Data section:

#####

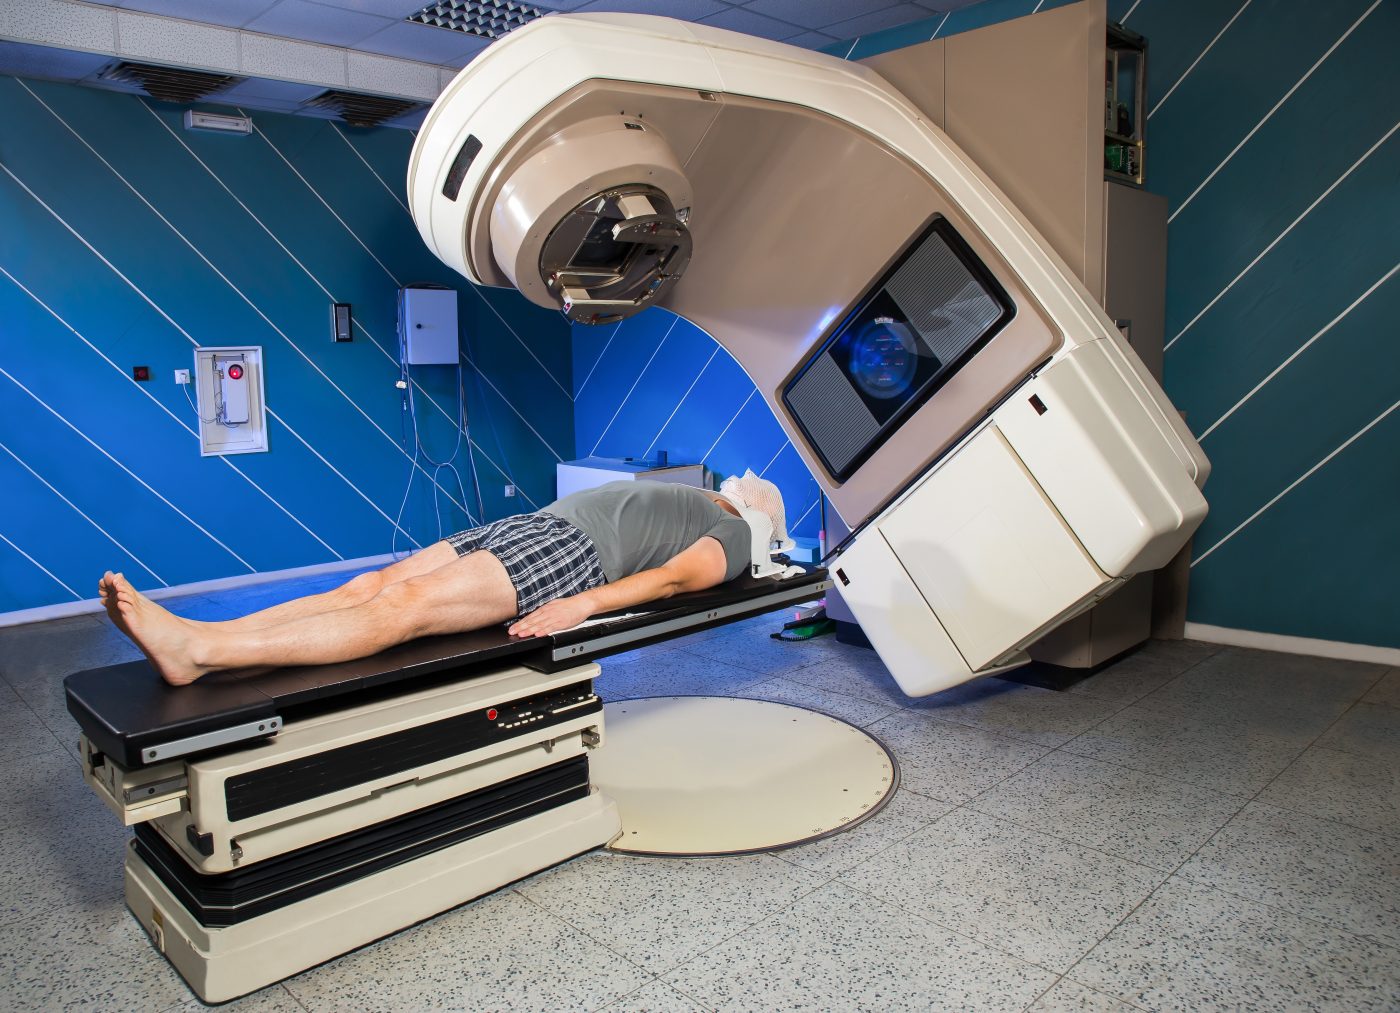 New Prostate Cancer Radiotherapy Course Shows Less Side Effects, Treatment Time, Cost
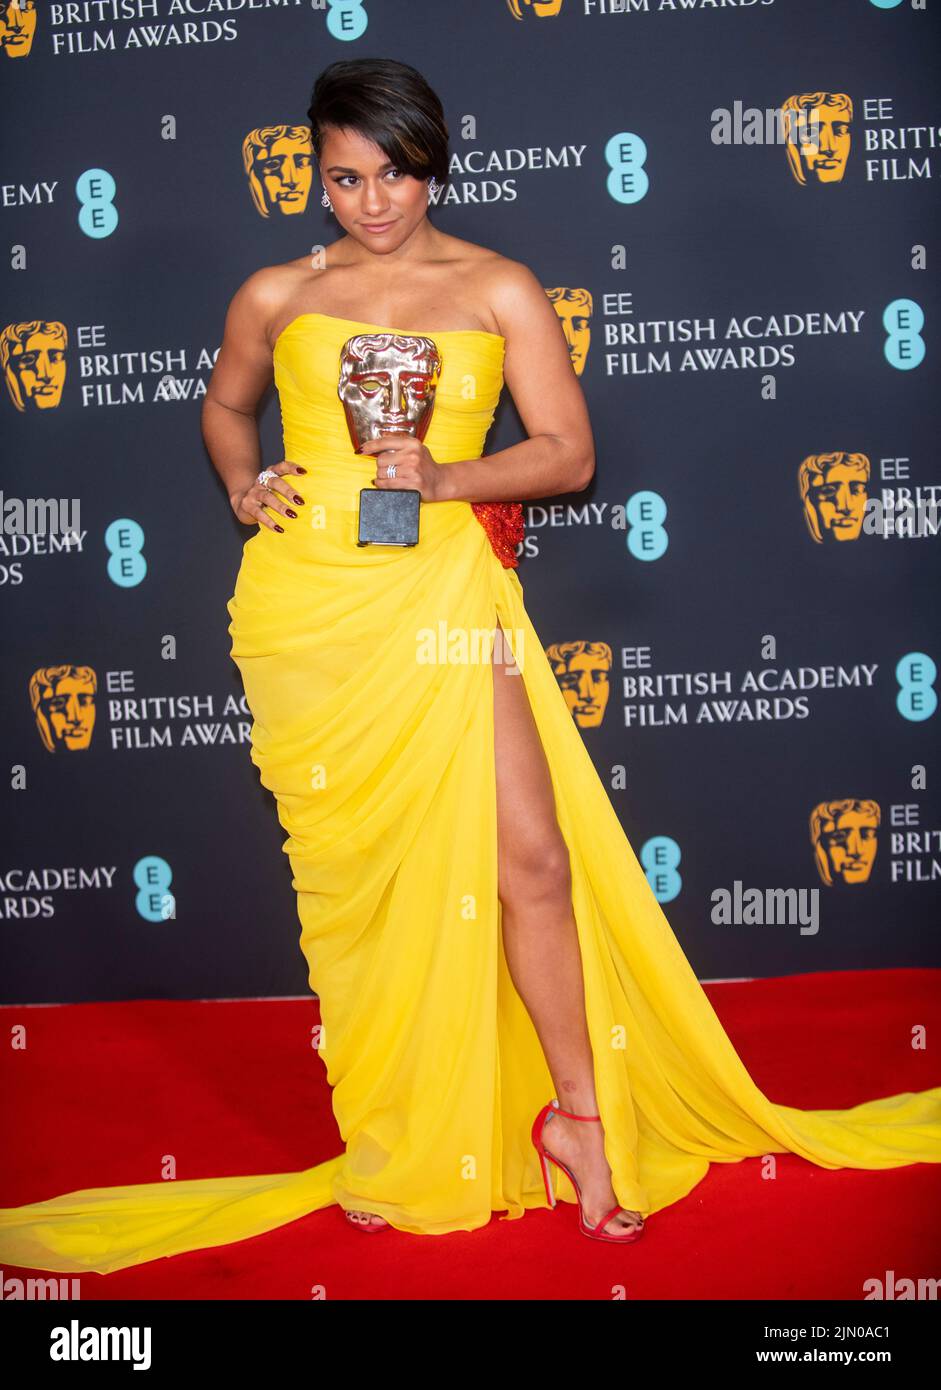 BAFTA Film Awards 2022: The Best Afterparty Outfits
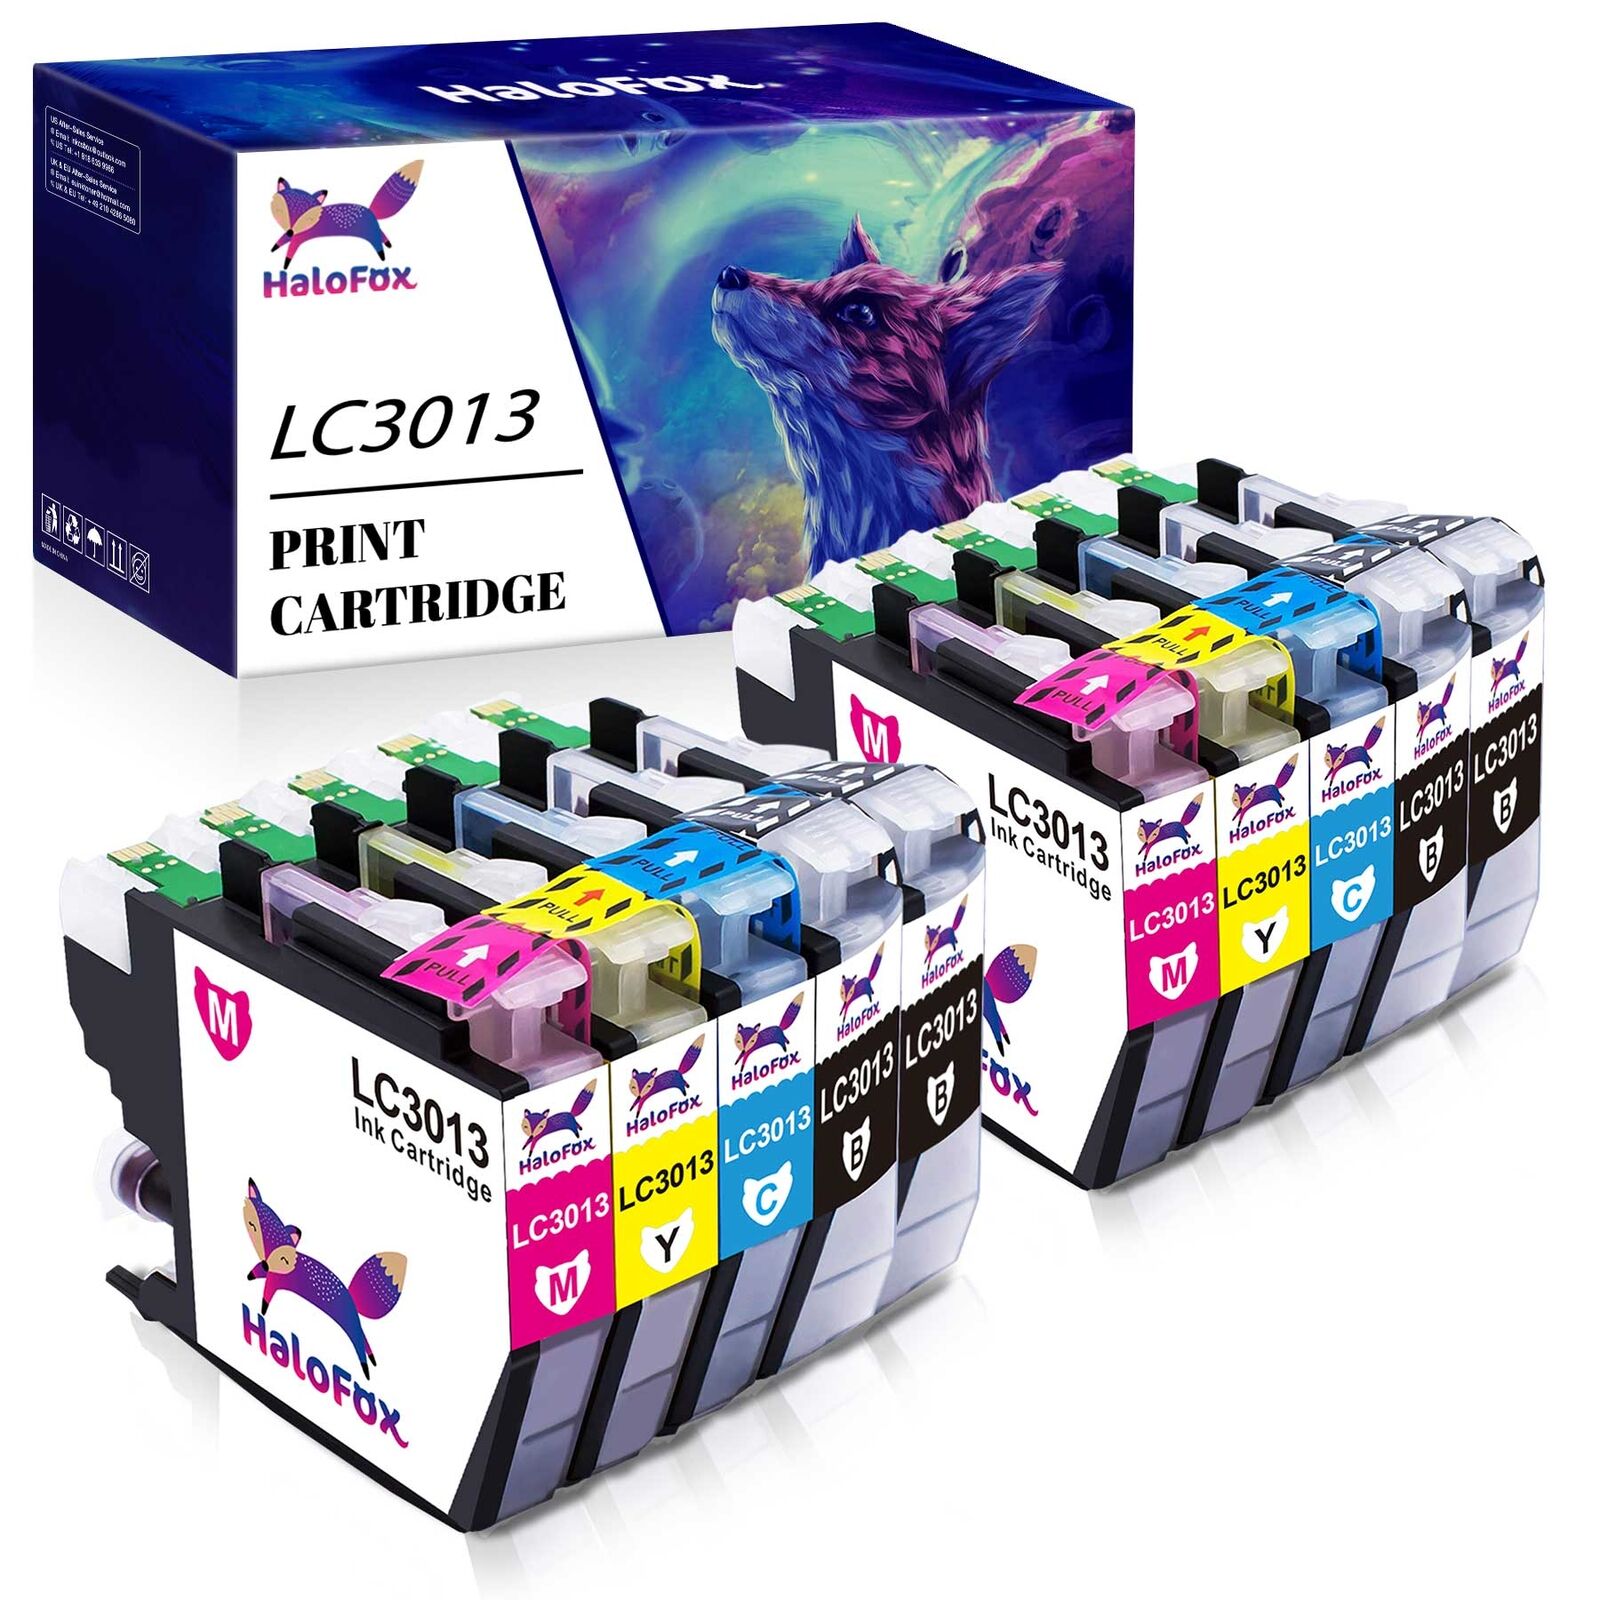 10x Ink Cartridge for Brother LC3013 LC3011 MFC-J491DW J497DW MFC-J690DW Printer

#####

What you will do: In your reply, please print exactly the lines from the one with "BAFTA Film Awards" through the final line of the listing above, both included, and no pictures.

Exercise answer:
 BAFTA Film Awards 2022: The Best Afterparty Outfits
 10x Ink Cartridge for Brother LC3013 LC3011 MFC-J491DW J497DW MFC-J690DW Printer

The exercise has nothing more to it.